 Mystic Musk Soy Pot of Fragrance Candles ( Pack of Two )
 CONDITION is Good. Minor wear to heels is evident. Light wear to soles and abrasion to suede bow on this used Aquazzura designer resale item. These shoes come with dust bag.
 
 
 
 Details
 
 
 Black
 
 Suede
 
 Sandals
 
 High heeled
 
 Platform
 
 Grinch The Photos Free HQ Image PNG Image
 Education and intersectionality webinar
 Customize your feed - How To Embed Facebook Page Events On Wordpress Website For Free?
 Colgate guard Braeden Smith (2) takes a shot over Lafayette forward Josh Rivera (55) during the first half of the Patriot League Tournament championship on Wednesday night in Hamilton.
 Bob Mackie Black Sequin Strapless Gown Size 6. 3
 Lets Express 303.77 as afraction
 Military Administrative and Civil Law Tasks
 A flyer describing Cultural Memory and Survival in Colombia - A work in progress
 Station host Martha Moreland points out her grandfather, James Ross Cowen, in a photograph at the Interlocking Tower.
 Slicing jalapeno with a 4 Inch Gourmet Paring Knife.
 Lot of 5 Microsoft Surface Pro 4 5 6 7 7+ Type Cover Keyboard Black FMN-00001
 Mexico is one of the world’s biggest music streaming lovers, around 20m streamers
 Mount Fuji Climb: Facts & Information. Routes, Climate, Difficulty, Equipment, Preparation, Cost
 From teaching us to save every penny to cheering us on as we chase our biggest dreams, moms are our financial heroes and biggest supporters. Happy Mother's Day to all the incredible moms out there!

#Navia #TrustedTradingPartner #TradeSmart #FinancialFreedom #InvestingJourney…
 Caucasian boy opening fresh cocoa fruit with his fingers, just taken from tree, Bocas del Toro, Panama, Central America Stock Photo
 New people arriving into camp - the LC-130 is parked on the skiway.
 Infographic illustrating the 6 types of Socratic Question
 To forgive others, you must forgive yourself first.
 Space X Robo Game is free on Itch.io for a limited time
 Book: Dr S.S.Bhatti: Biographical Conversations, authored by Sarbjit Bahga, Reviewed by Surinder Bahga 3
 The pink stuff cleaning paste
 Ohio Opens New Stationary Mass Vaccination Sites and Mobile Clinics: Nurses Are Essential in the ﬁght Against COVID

THE TASK =
Reproduce word for word the material above, beginning with the line that contains "Lot of 5 Microsoft" and ending with the line that contains "The pink stuff cleaning paste".

RESULT OF THE TASK =
 Lot of 5 Microsoft Surface Pro 4 5 6 7 7+ Type Cover Keyboard Black FMN-00001
 Mexico is one of the world’s biggest music streaming lovers, around 20m streamers
 Mount Fuji Climb: Facts & Information. Routes, Climate, Difficulty, Equipment, Preparation, Cost
 From teaching us to save every penny to cheering us on as we chase our biggest dreams, moms are our financial heroes and biggest supporters. Happy Mother's Day to all the incredible moms out there!

#Navia #TrustedTradingPartner #TradeSmart #FinancialFreedom #InvestingJourney…
 Caucasian boy opening fresh cocoa fruit with his fingers, just taken from tree, Bocas del Toro, Panama, Central America Stock Photo
 New people arriving into camp - the LC-130 is parked on the skiway.
 Infographic illustrating the 6 types of Socratic Question
 To forgive others, you must forgive yourself first.
 Space X Robo Game is free on Itch.io for a limited time
 Book: Dr S.S.Bhatti: Biographical Conversations, authored by Sarbjit Bahga, Reviewed by Surinder Bahga 3
 The pink stuff cleaning paste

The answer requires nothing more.